#### Requirement:
In the entries below, find the line with "DIY Acrylic Robot" and the line with "champaign_il_wedding_photography-0118.jpg"; give again those lines and every line between them, exactly.

#### Given information:
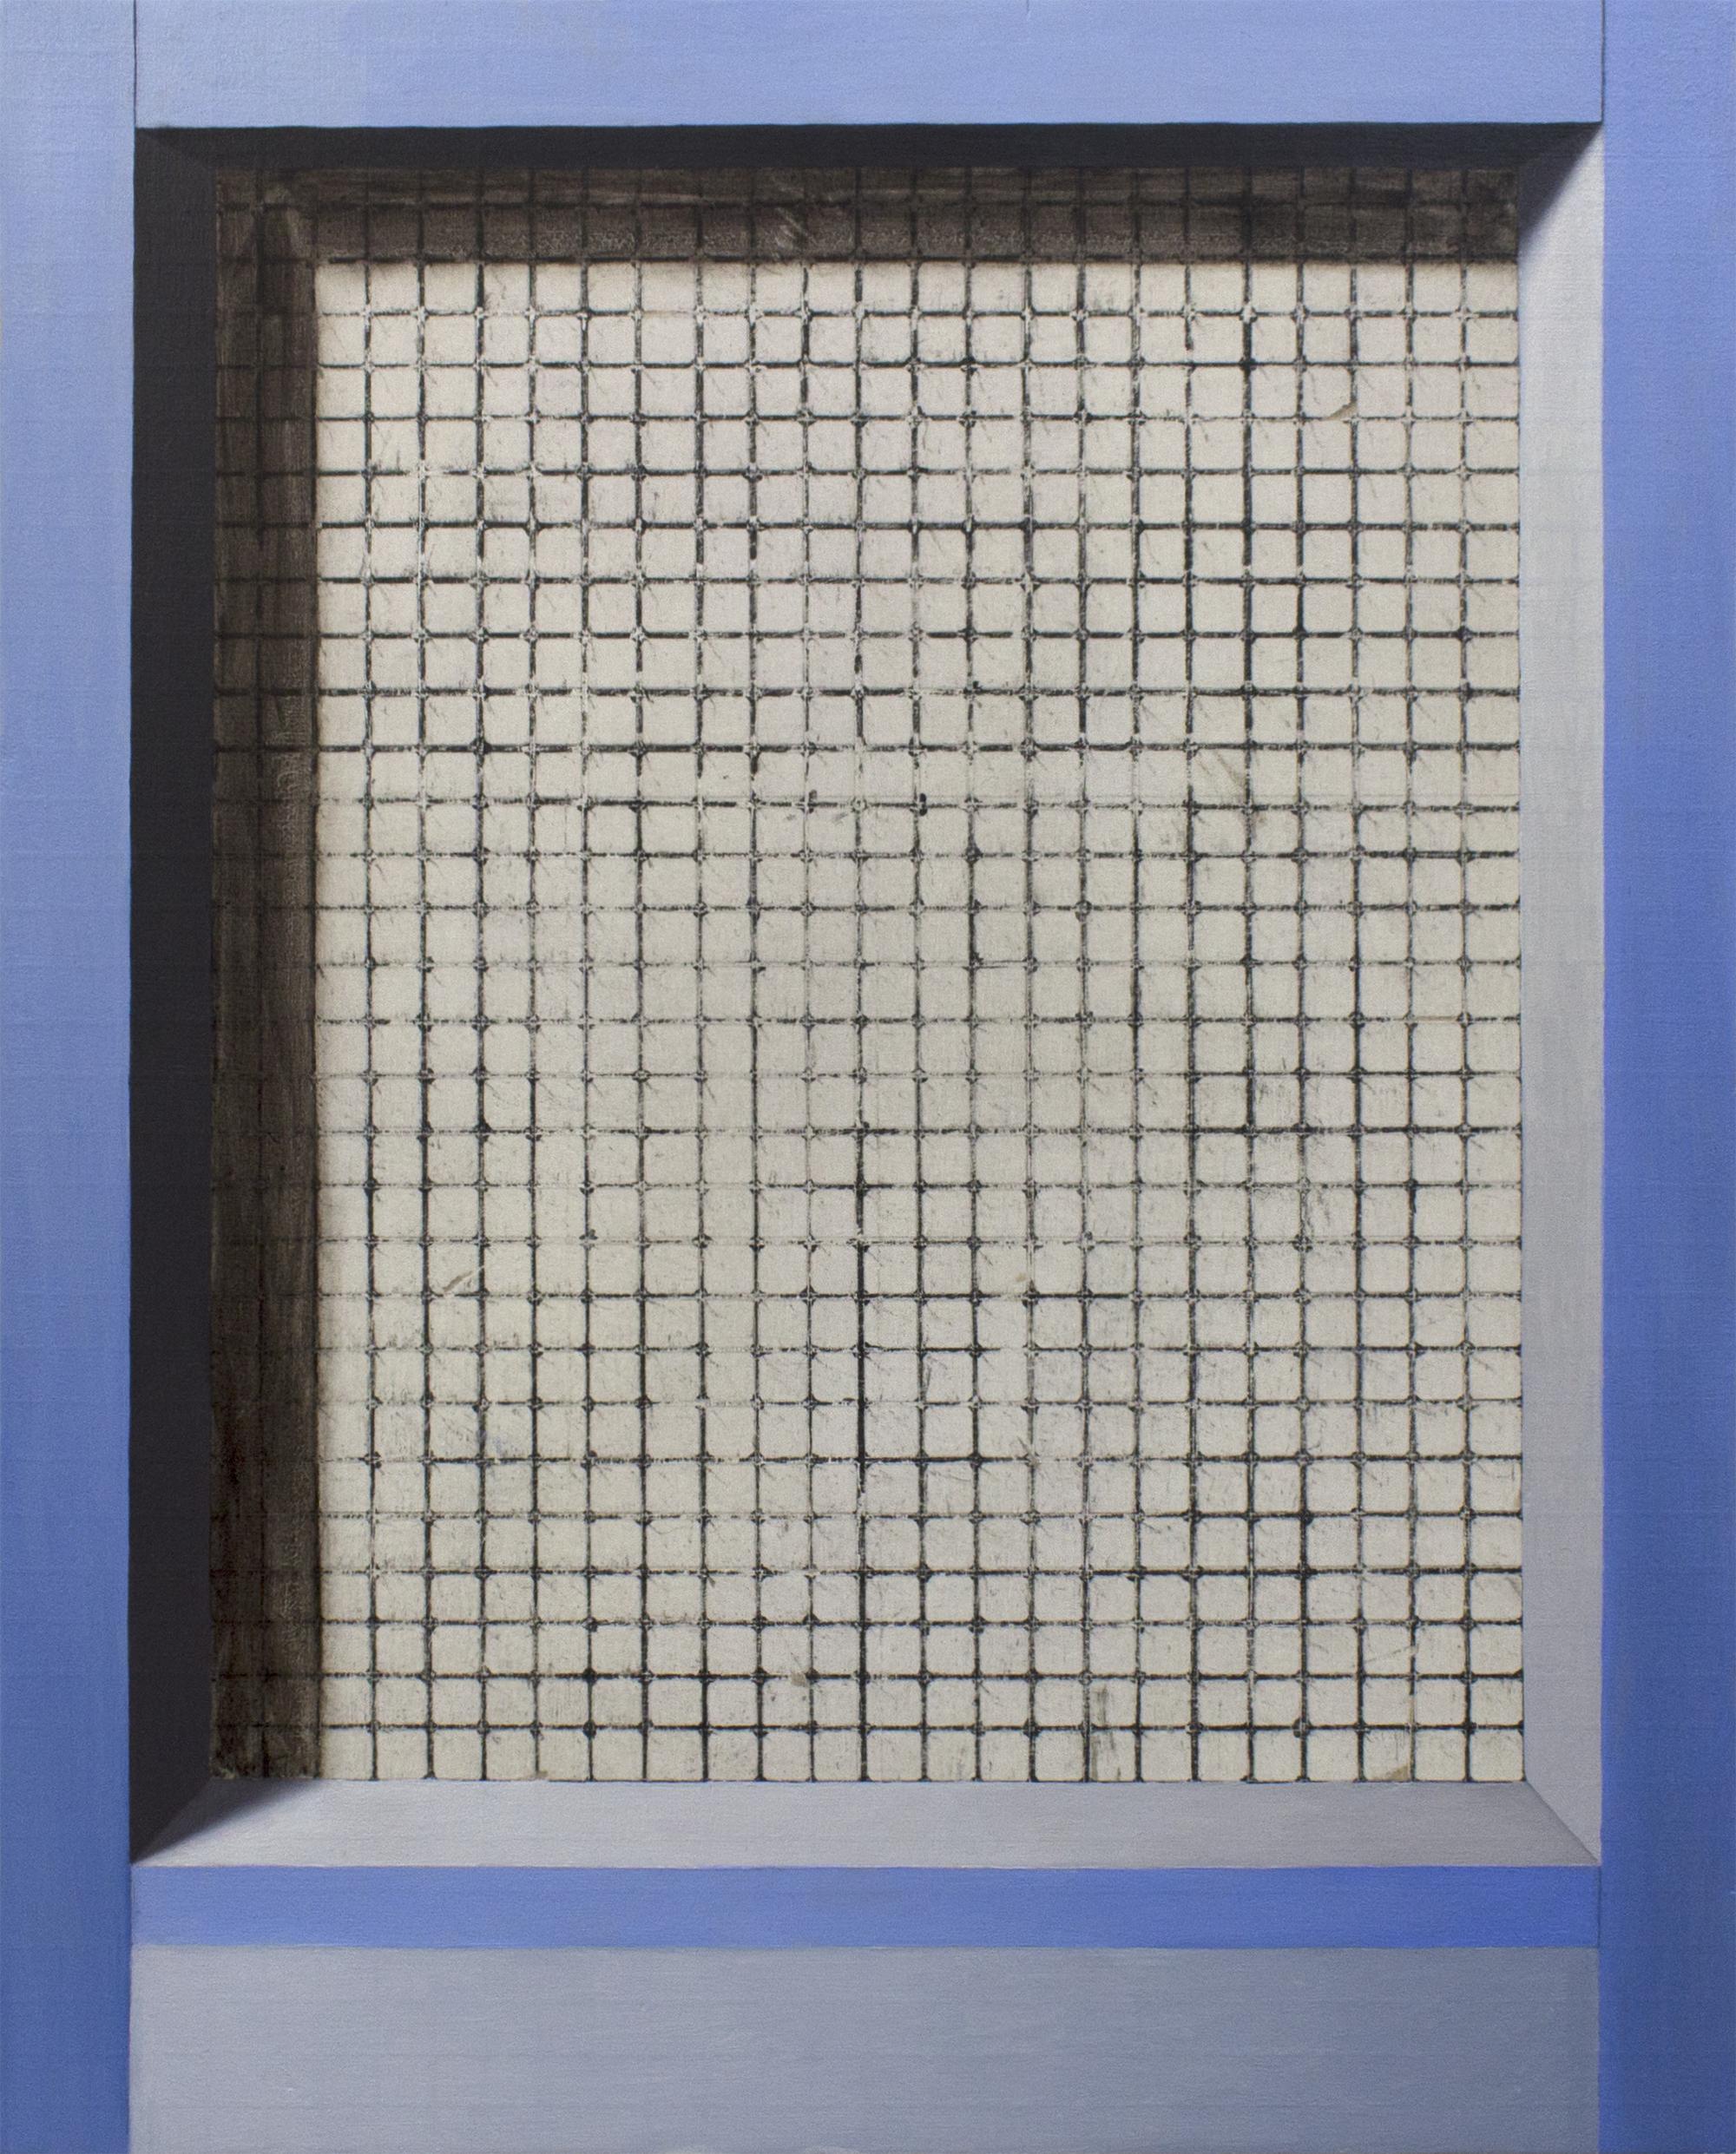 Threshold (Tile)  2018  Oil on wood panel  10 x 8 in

* * *

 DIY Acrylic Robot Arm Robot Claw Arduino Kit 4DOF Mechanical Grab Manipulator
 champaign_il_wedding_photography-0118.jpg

#### Exercise output:
 DIY Acrylic Robot Arm Robot Claw Arduino Kit 4DOF Mechanical Grab Manipulator
 champaign_il_wedding_photography-0118.jpg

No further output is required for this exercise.